The shallow limestone layer underneath is called the Biscayne Aquifer and it is the primary source of drinking water for all of south Florida. When the limestone water pockets are drained too much in order to provide fresh water to cities, the pockets can fill instead with salt water, and the sweet water is then no longer potable there. When heavy rains, the only source of new Everglades water, fill Lake Okeechobee to overflowing, and the “sheets” of water make their way south, filling the limestone pockets and dumping the excess into Florida Bay, it prevents salt water “intrusion” from the coasts.

The complex interconnection of diverse ecosystems that blend together to comprise the Everglades makes it unique in the world. There are more than 65 endangered and threatened species that live in the Everglades: numerous plants and insects, including butterflies; giant wading and fishing birds, like the Great Blue Heron, Roseate Spoonbill and Wood Stork, and birds of prey, such as eagles, hawks, and falcons; amphibians and reptiles, such as alligators and crocodiles; and mammals like the Florida Panther, the Florida Manatee, river otters, and Black Bear.

A DAY AT THE PARK
Many of Florida’s endangered species are dependent on the Everglades for their survival. Everglades National Park protects 20% of the remaining Everglades area and is bordered on the northwest by Big Cypress National Preserve. If you decide to take a day or so to explore Everglades National Park, depending on which of the diverse areas you choose (sawgrass marsh, mangrove swamp, pine woods, hardwood hammock, or beach) you will see unique species of wildlife. More than 350 species of birds have been documented in the park making it a birder’s paradise.

Everglades National Park has access points from either coast. From Naples, heading south will land you at Ten Thousand Islands or continue south into the park.

Park rangers are well prepared to receive interested visitors and the park itself offers activities for the day or longer, depending on what you are most interested in seeing on this trip.
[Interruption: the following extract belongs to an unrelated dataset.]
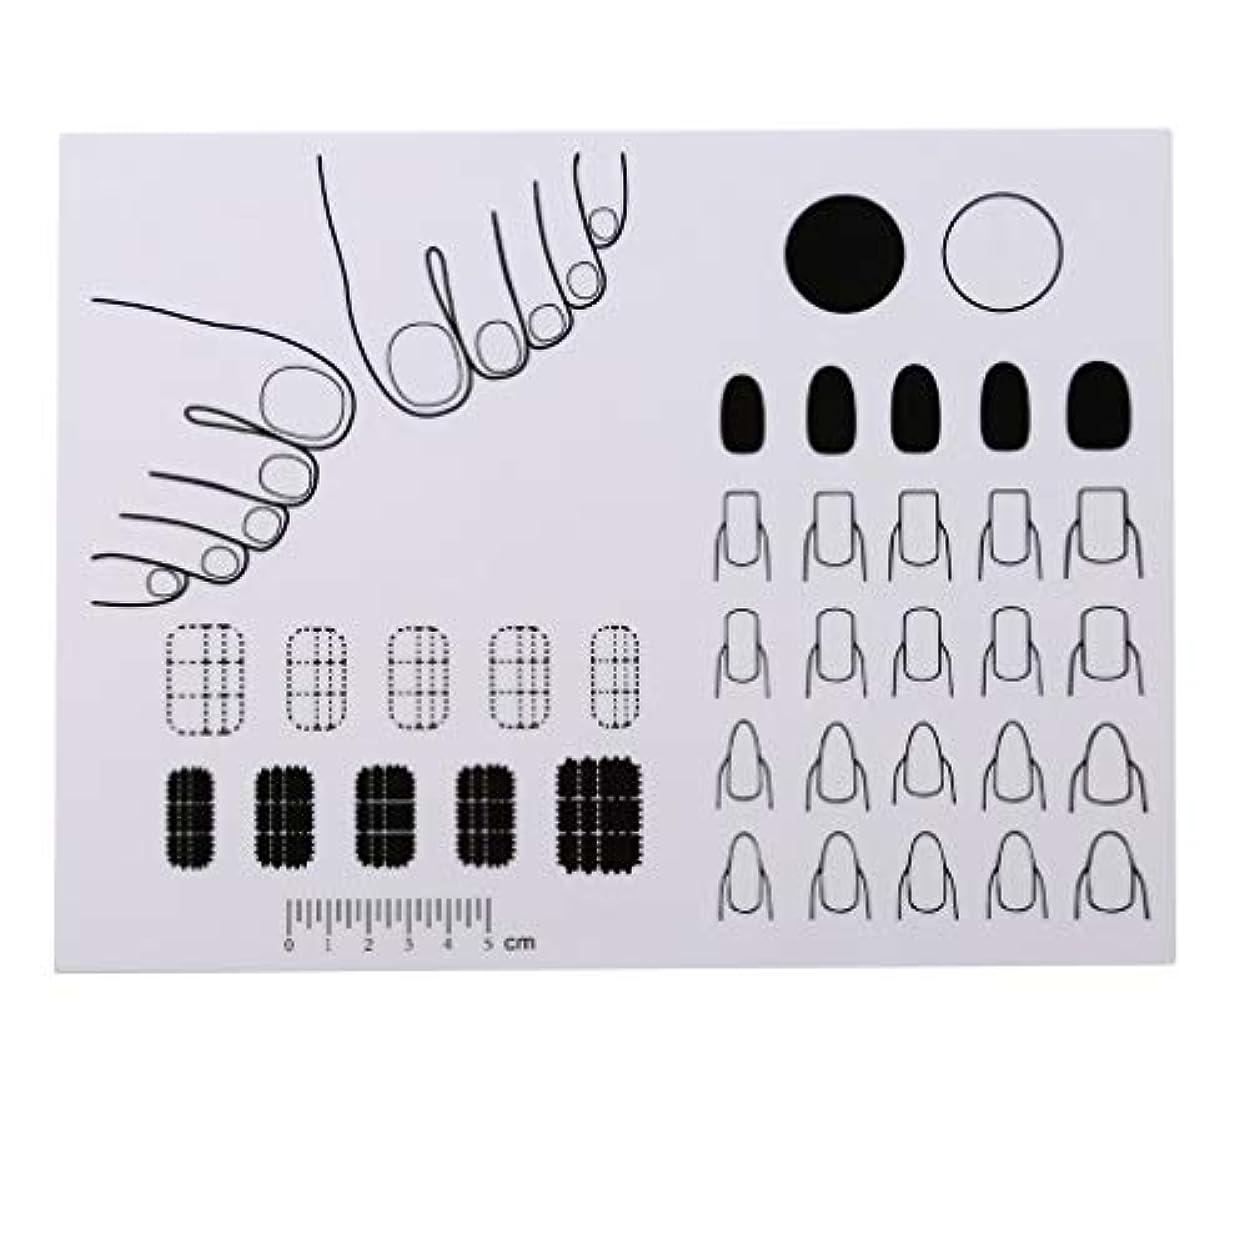 紀元前比較全部LJSLYJ 折りたたみネイルアートシリコンパッドプレートスタンピングネイルアートステッカーuvジェルマニキュアツール印刷着色マット、1#

There are walking tours with boardwalks and paths through a variety of ecosystems for bird and butterfly watching and plant identifying; boating, canoeing, kayaking, snorkeling; and you can guide yourself from information provided at one of the visitor’s centers or join in for an organized educational tour.

There are numerous camping areas and for those who prefer motel comfort there is the Flamingo Inn. All visitor centers, camping areas and boardwalks, except the most remote, have handicapped access.

Do not feed or harass wildlife. Do not remove plants; some orchids and bromeliads are endangered. Extinguish fires and ignite them only in approved areas. Properly deposit garbage in receptacles. Be a good steward of our natural environment so that others can enjoy its beauty into the future.

You’ll find many activities outside of Everglades National Park that offer a similar experience. Big Cypress National Preserve and Corkscrew Swamp Sanctuary are also protected parks that are part of the Everglades system.  You can visit local Seminole and Miccosukee shops and take an airboat ride into the watery grass to look for gators and white tailed deer. And there are tours to take you to see Manatees.

No matter what facet of the Everglades you choose to explore, it will be an adventure like no other.